We wanted to do something fun during our winter break so we went to Paramount Ranch, which we had never heard of before.
It was fun! Here are some facts from the website: (You can skip this and go straight to the pictures if you're bored)*
When Paramount Pictures leased the ranch in 1923, they began an era of film production that continues today. You can experience the area where Bob Hope starred in Caught in the Draft (1941) and Sandra Bullock had a leading role in The Lake House (2006). In the 1950s, Western Town was created for television shows, such as The Cisco Kid. More recent television productions at Paramount include The Mentalist, Weeds, and Hulu’s Quickdraw (2013-2014).
This real-life motion picture set is altered slightly with each production, yet retains a Western motif.
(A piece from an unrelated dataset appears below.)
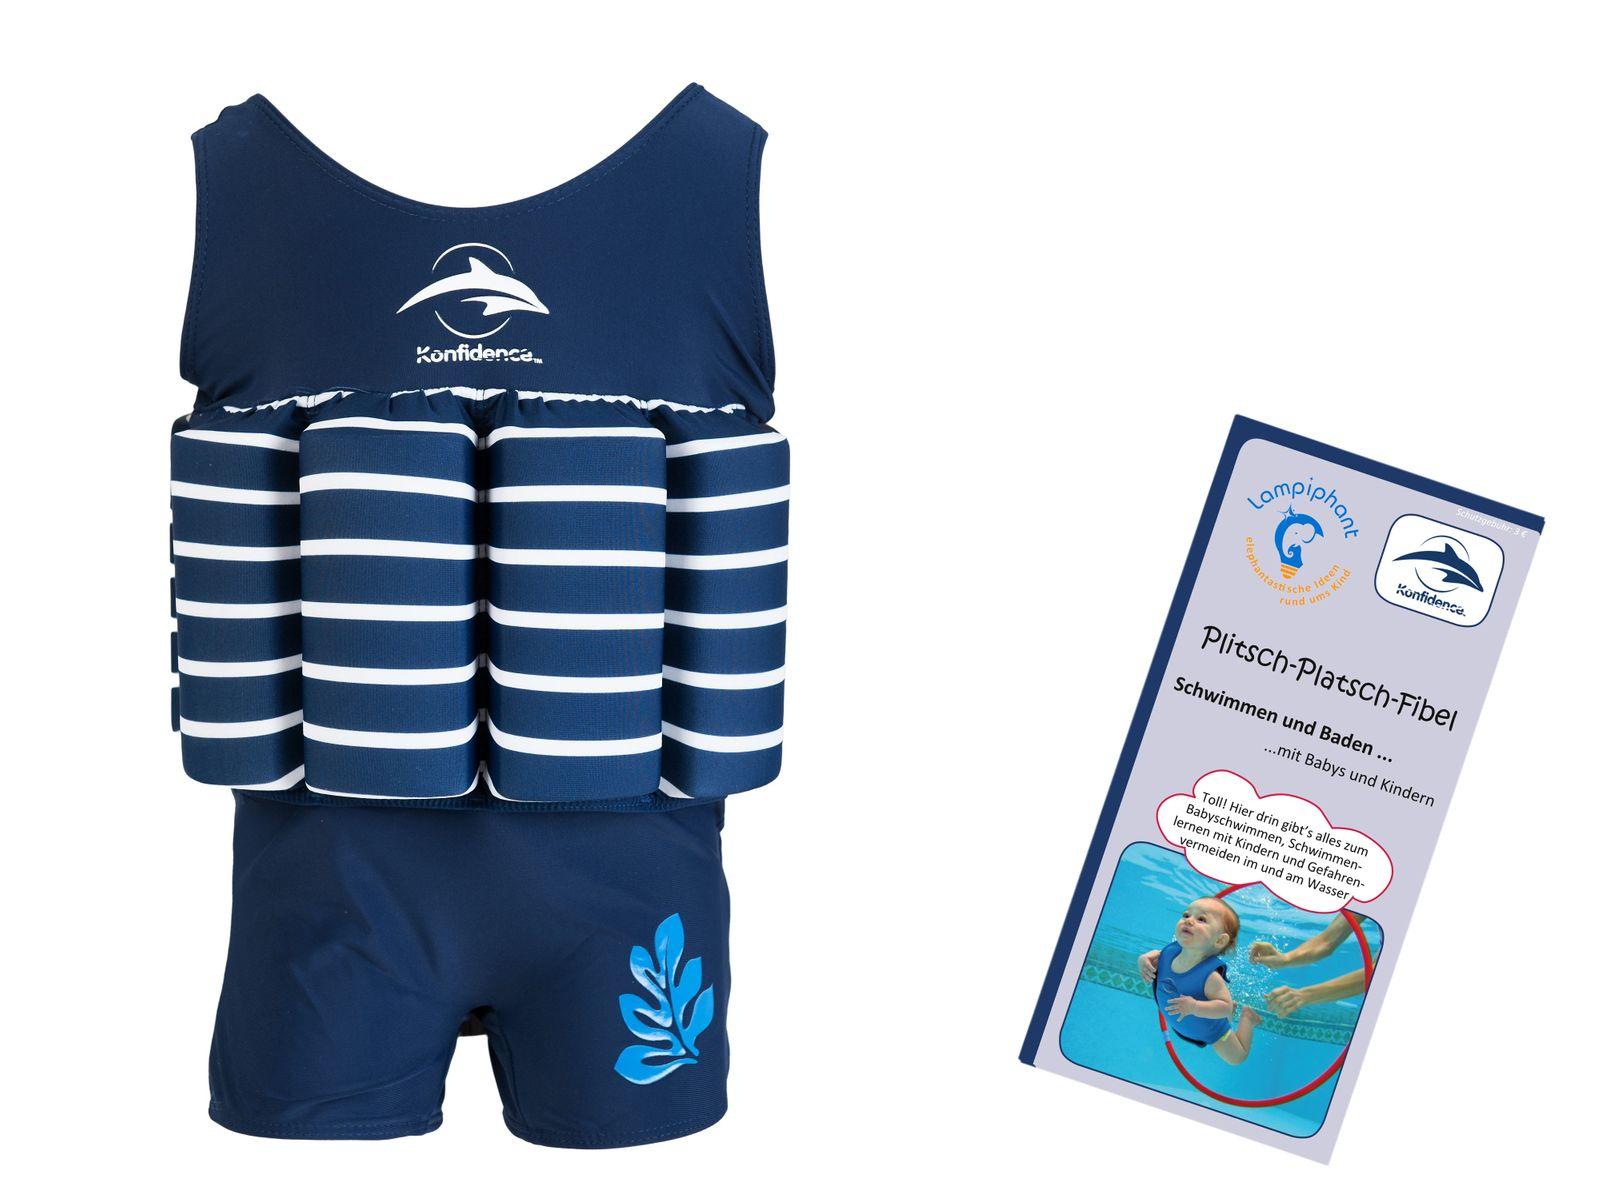 Konfidence Floatsuit, Schwimmhilfe mit umfangreichen Schwimmratgeber – Bild 4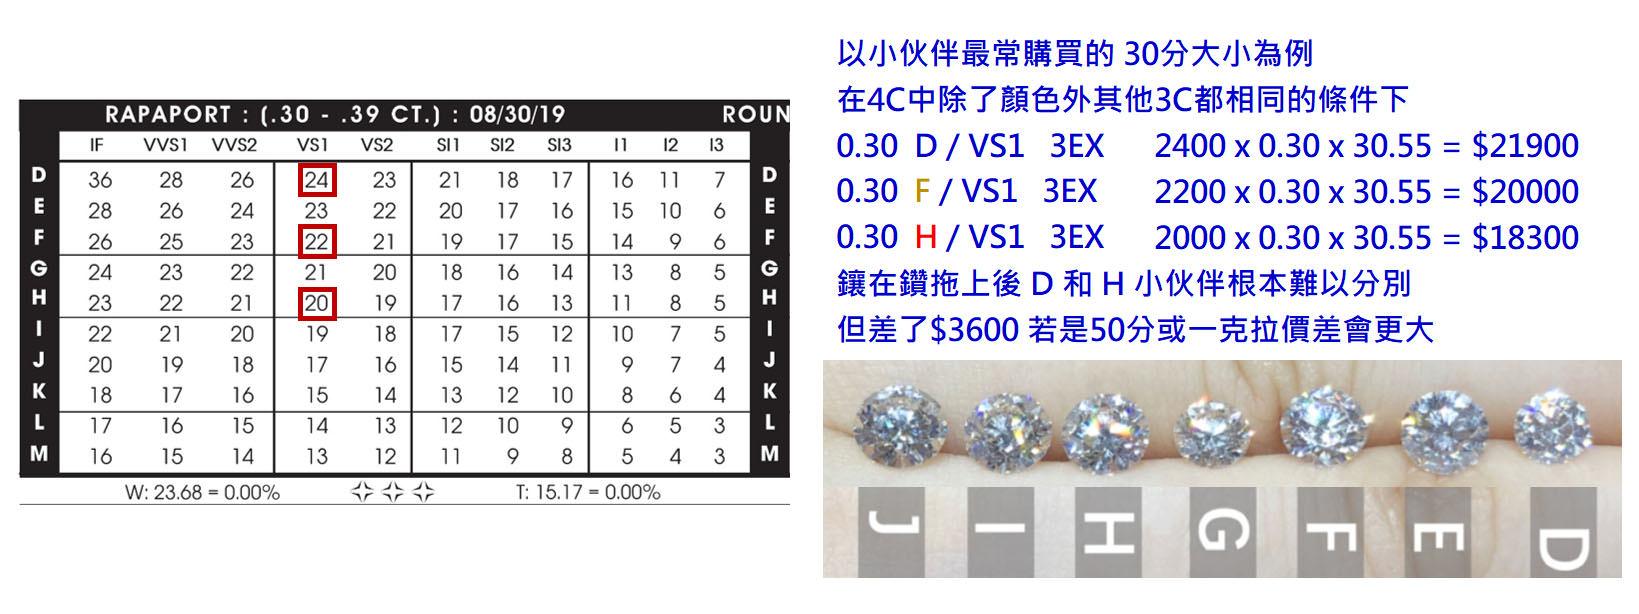 鑽石顏色等級價格差距

In 1927, Paramount Pictures purchased 2,700 acres of the old Rancho Las Virgenes for use as a "movie ranch." For 25 years, a veritable who's who of Hollywood practiced their craft at Paramount Ranch including director Cecil B. Demille and actors Bob Hope, Gary Cooper and Claudette Colbert. The diverse landscape was the real star of the show. It offered film makers the freedom to create distant locales such as colonial Massachusetts in The Maid of Salem (1937), ancient China in The Adventuresof Marco Polo (1938), a South Seas island in Ebb Tide (1937) and numerous western locations including San Francisco in Wells Fargo (1937). The art of illusion was mastered on the landscape.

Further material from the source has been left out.